Exercise goal = Search the data below, and report every line in which "white" occurs.

Material provided =
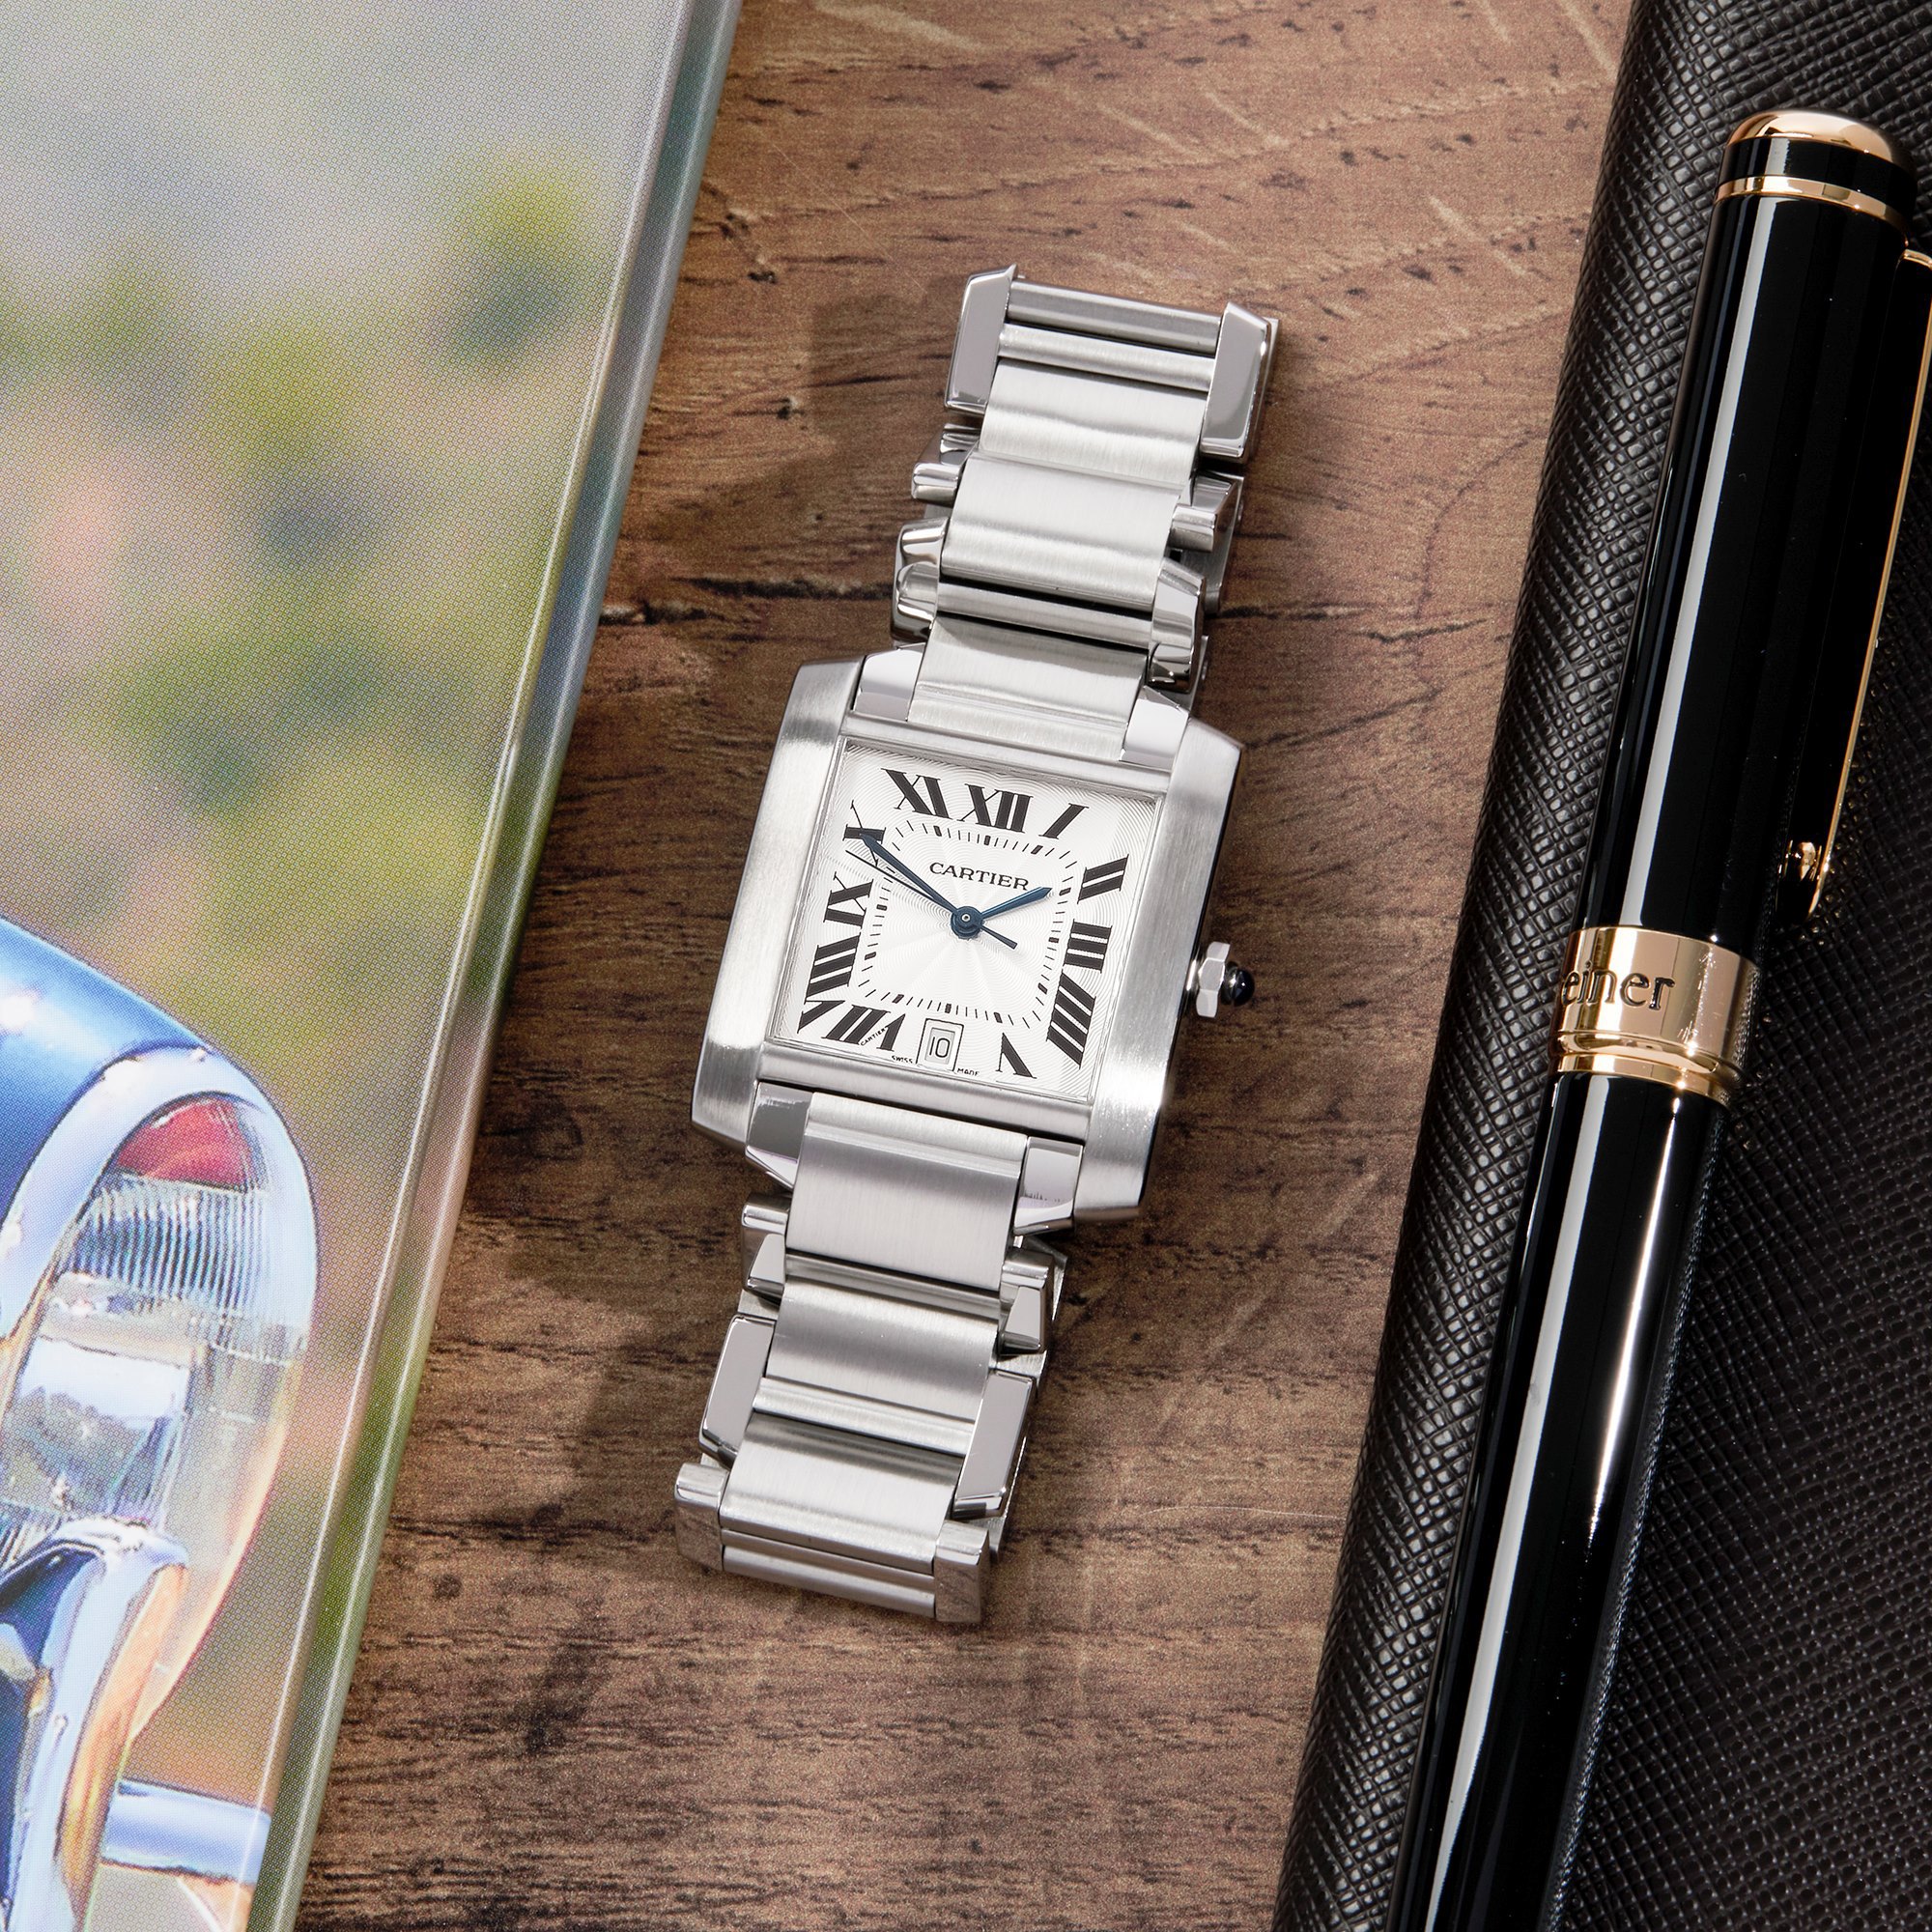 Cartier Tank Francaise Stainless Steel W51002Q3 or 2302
...
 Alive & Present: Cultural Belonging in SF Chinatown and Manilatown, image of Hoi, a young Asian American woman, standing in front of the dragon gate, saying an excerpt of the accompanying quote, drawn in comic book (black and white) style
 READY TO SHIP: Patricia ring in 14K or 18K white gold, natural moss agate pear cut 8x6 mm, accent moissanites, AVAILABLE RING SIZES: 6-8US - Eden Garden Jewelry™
...
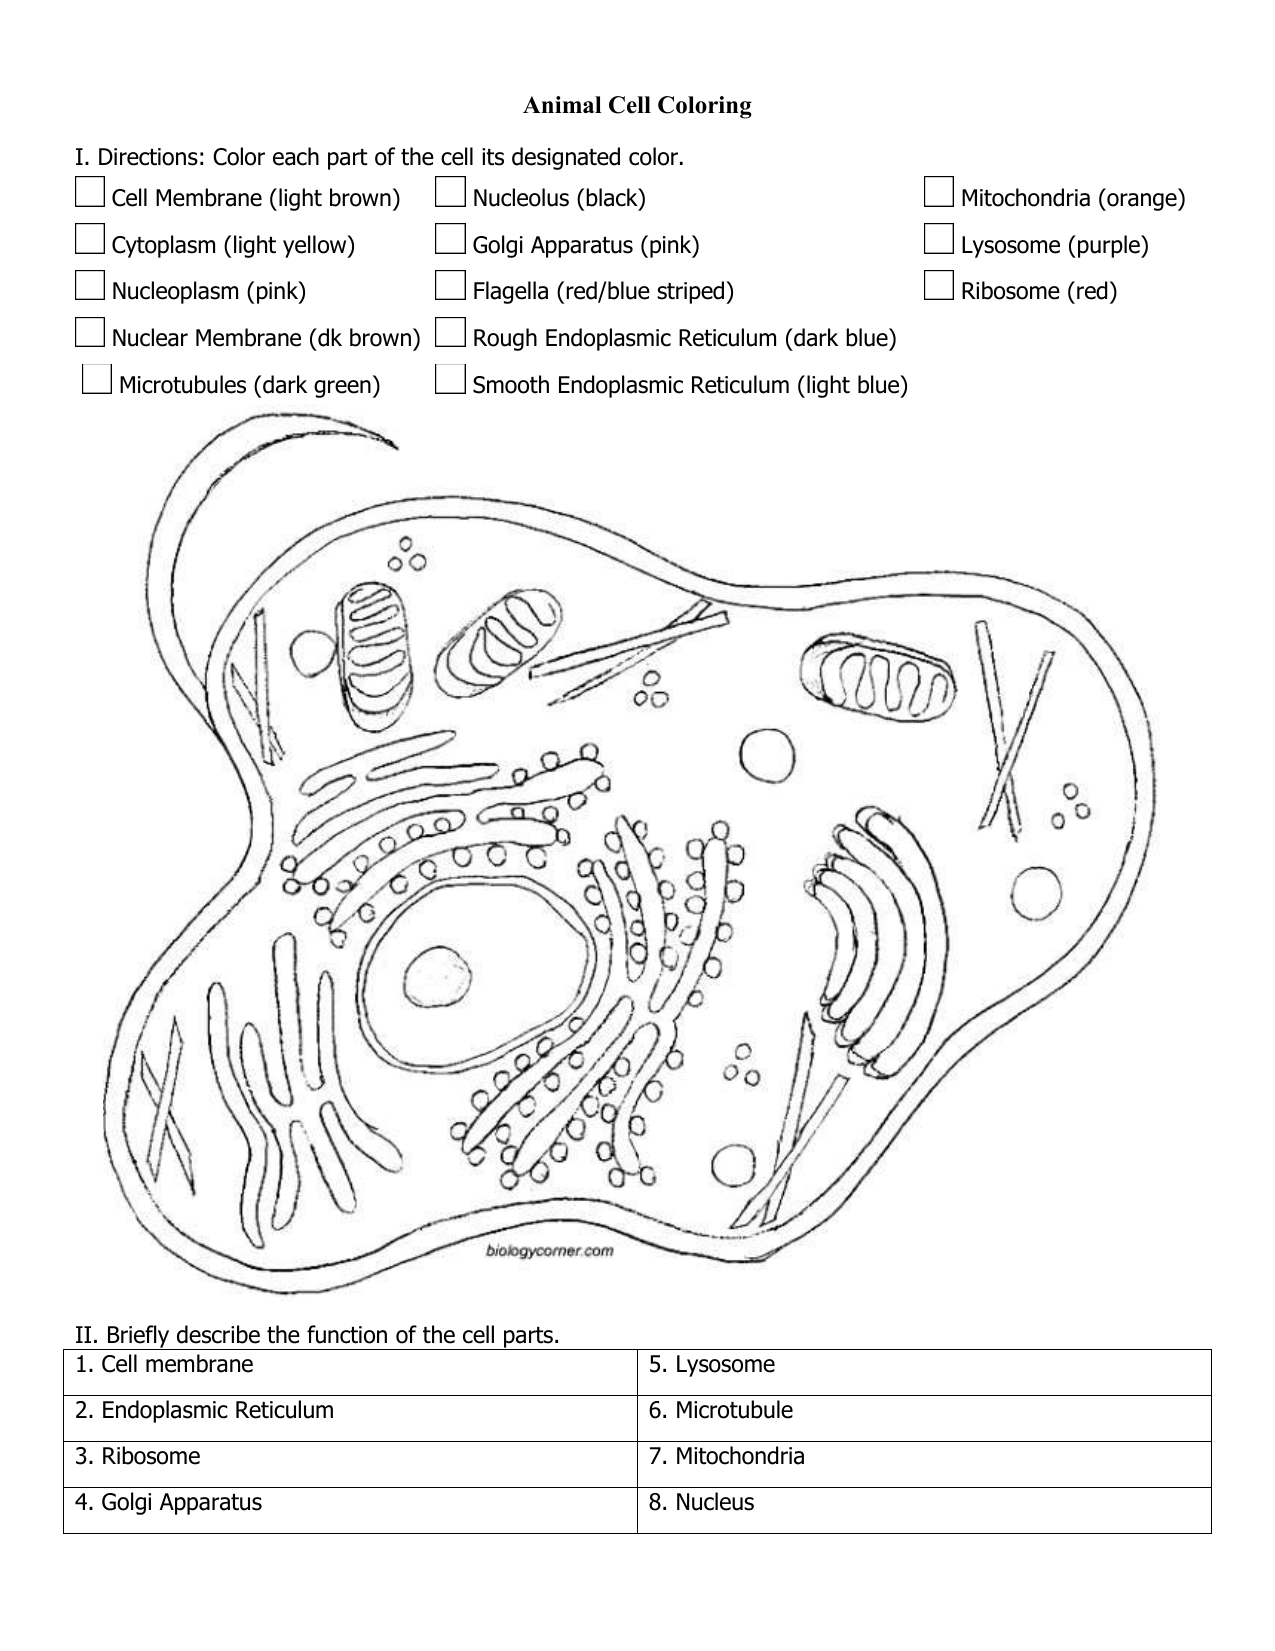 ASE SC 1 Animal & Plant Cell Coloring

Response box =
 Alive & Present: Cultural Belonging in SF Chinatown and Manilatown, image of Hoi, a young Asian American woman, standing in front of the dragon gate, saying an excerpt of the accompanying quote, drawn in comic book (black and white) style
 READY TO SHIP: Patricia ring in 14K or 18K white gold, natural moss agate pear cut 8x6 mm, accent moissanites, AVAILABLE RING SIZES: 6-8US - Eden Garden Jewelry™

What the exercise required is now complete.